Depois que ele se foi, Ticiano, o mais jovem, chamou-me num canto. Tinha os olhos vidrados, inquietos.
— Chefe, tem algo errado com esse carro — sussurrou.
— Errado como?
— Não sei... é diferente. Tem coisa escondida ali. Debaixo do porta-malas.
Fui até lá. O cheiro já denunciava. Não era só sangue, nem só sêmen, nem só medo. Era o cheiro da morte fermentada, de coisa que não era mais gente. Abri o compartimento e lá estava ela: uma menina. Talvez treze, talvez menos. O corpo retorcido, vestido de seda, pele tão pálida que o sol a ofenderia. Morta.
Silêncio. Ticiano virou o rosto e vomitou. Pietro fechou os olhos e murmurou algo em italiano. Eu apenas respirei fundo. Não era a primeira, tampouco seria a última.
Ali, naquele instante, não houve como evitar a pergunta: até onde vai um lavador? Até que ponto se pode apagar sem também desaparecer um pedaço de si?

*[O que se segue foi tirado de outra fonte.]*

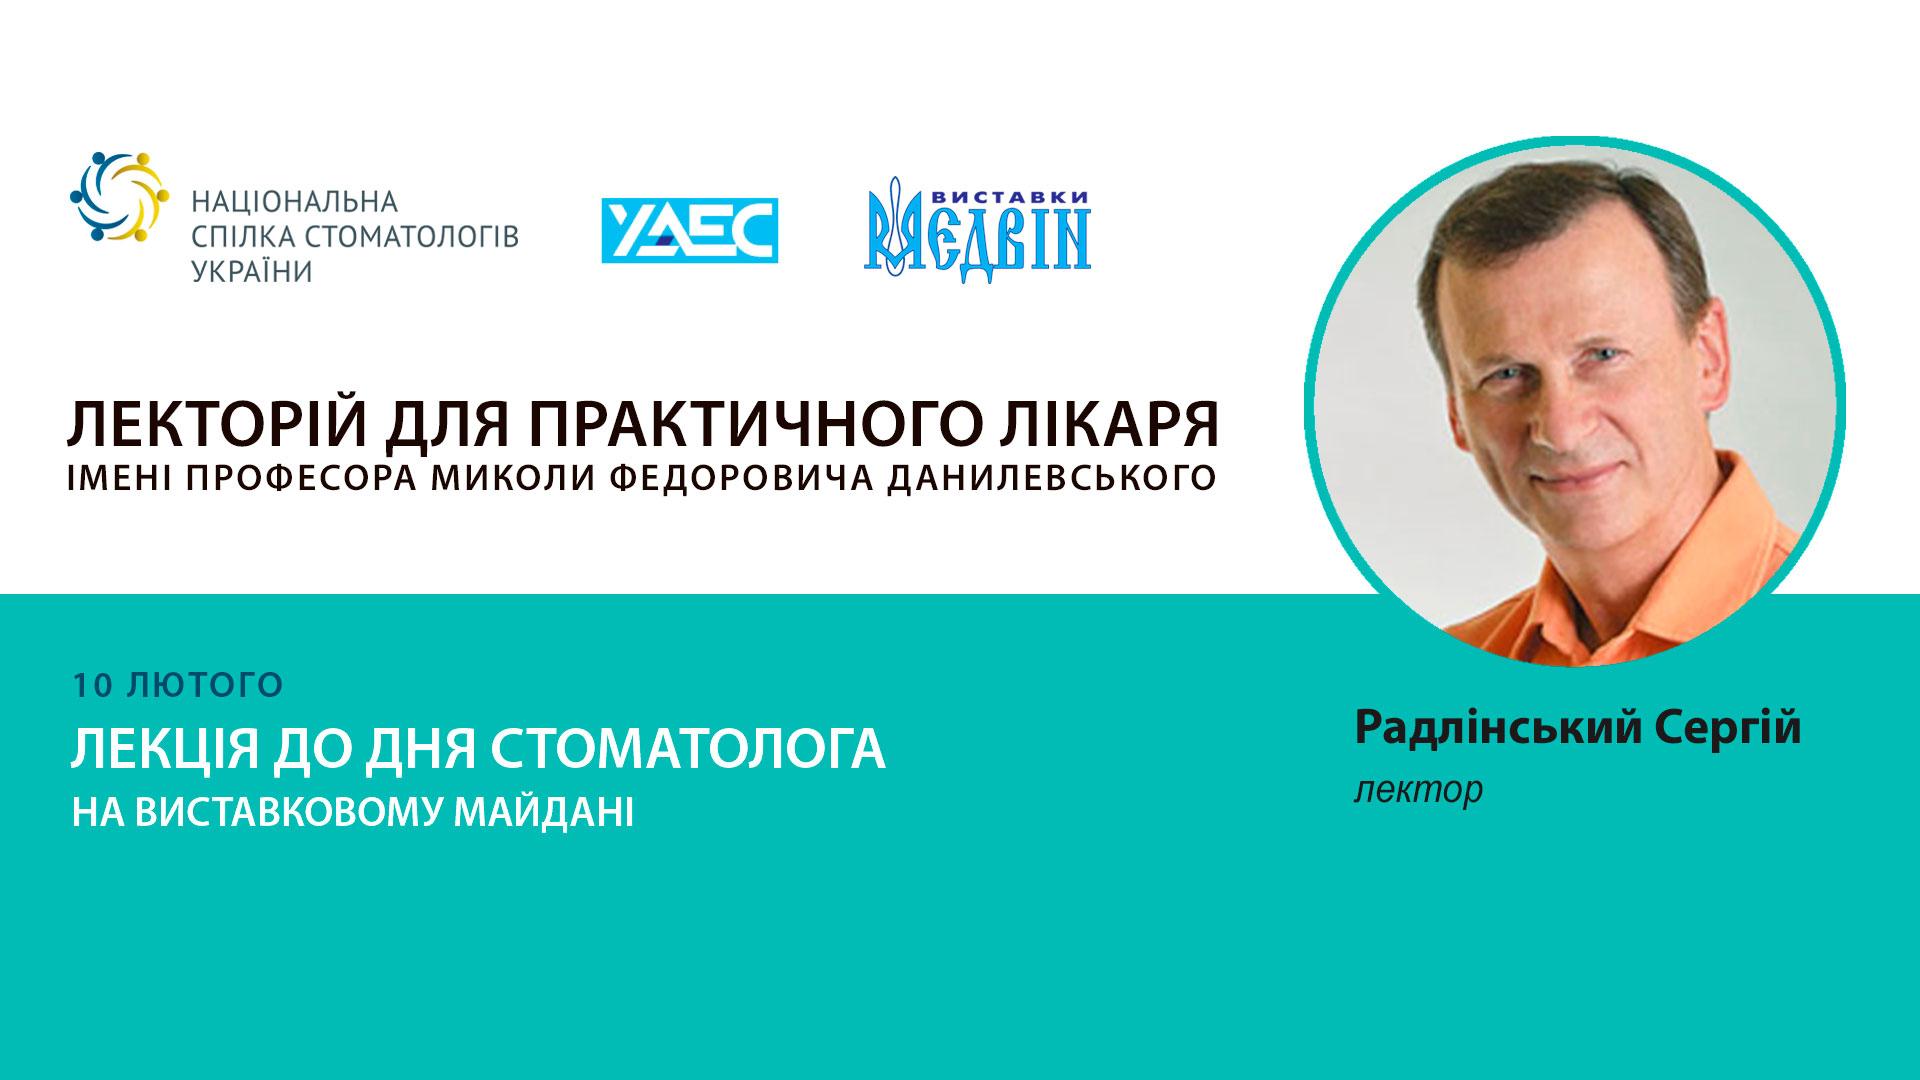 Лекція Сергія Радлінського до Міжнародного Дня стоматолога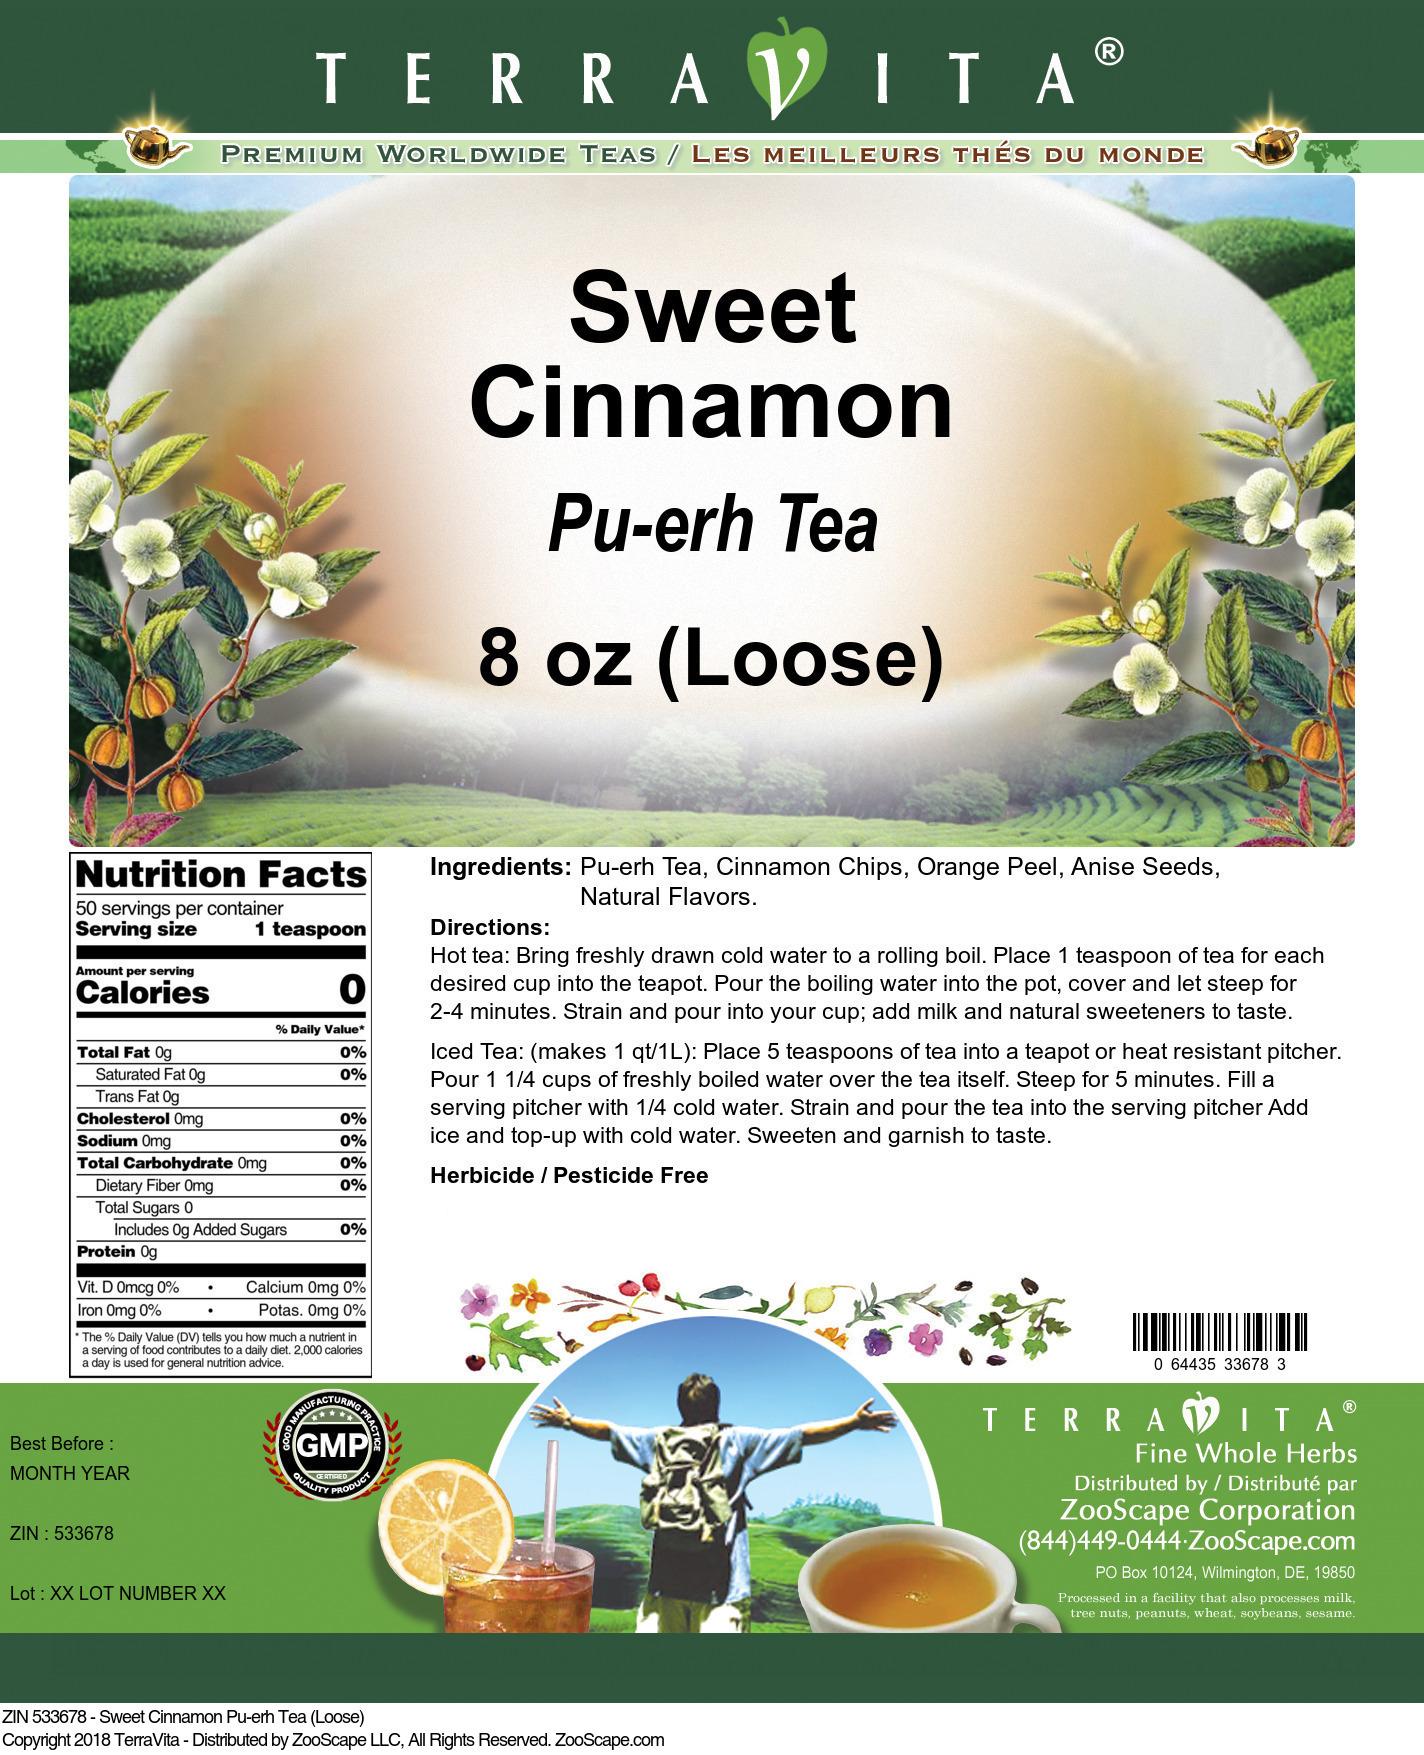 Sweet Cinnamon Pu-erh Tea (Loose)

Pedi aos meninos que trouxessem os materiais. Sabão, escovas, o tambor de ácido. Tudo. Era serviço completo, como o cliente pedira. A menina, leve como uma boneca quebrada, foi levada com cuidado por Francesco, que sempre se voluntariava para as tarefas mais pesadas — dizia que era sua penitência.
O dia avançou lento, espesso como óleo queimado. A cidade seguia seu curso, indiferente. Mas ali, na oficina, o tempo parou. A menina já não estava entre nós — Ticiano e Francesco cuidaram dela com o mesmo zelo que se reserva a relíquias. Enterrada em um lugar onde nenhuma raiz ousaria crescer. Pietro acendeu um cigarro e ficou ali, parado, olhando para o portão fechado, como quem aguarda um presságio.
O homem voltou às 17h. Sempre voltam. Usava os mesmos óculos escuros, o mesmo terno bem cortado, o mesmo perfume indecente. Desceu do carro sem pressa, com a segurança de quem acredita que o dinheiro resolve tudo. Sorriu com os lábios, mas os olhos estavam mortos.
— Ficou pronto? — perguntou, com tédio.
— Ficou, sim — respondi. — Serviço completo. Como pediu.
Ele me estendeu um envelope grosso. Não toquei. Em vez disso, apontei com o queixo para o fundo da oficina.
— Só mais uma coisa. Preciso que veja um detalhe. Coisa rápida.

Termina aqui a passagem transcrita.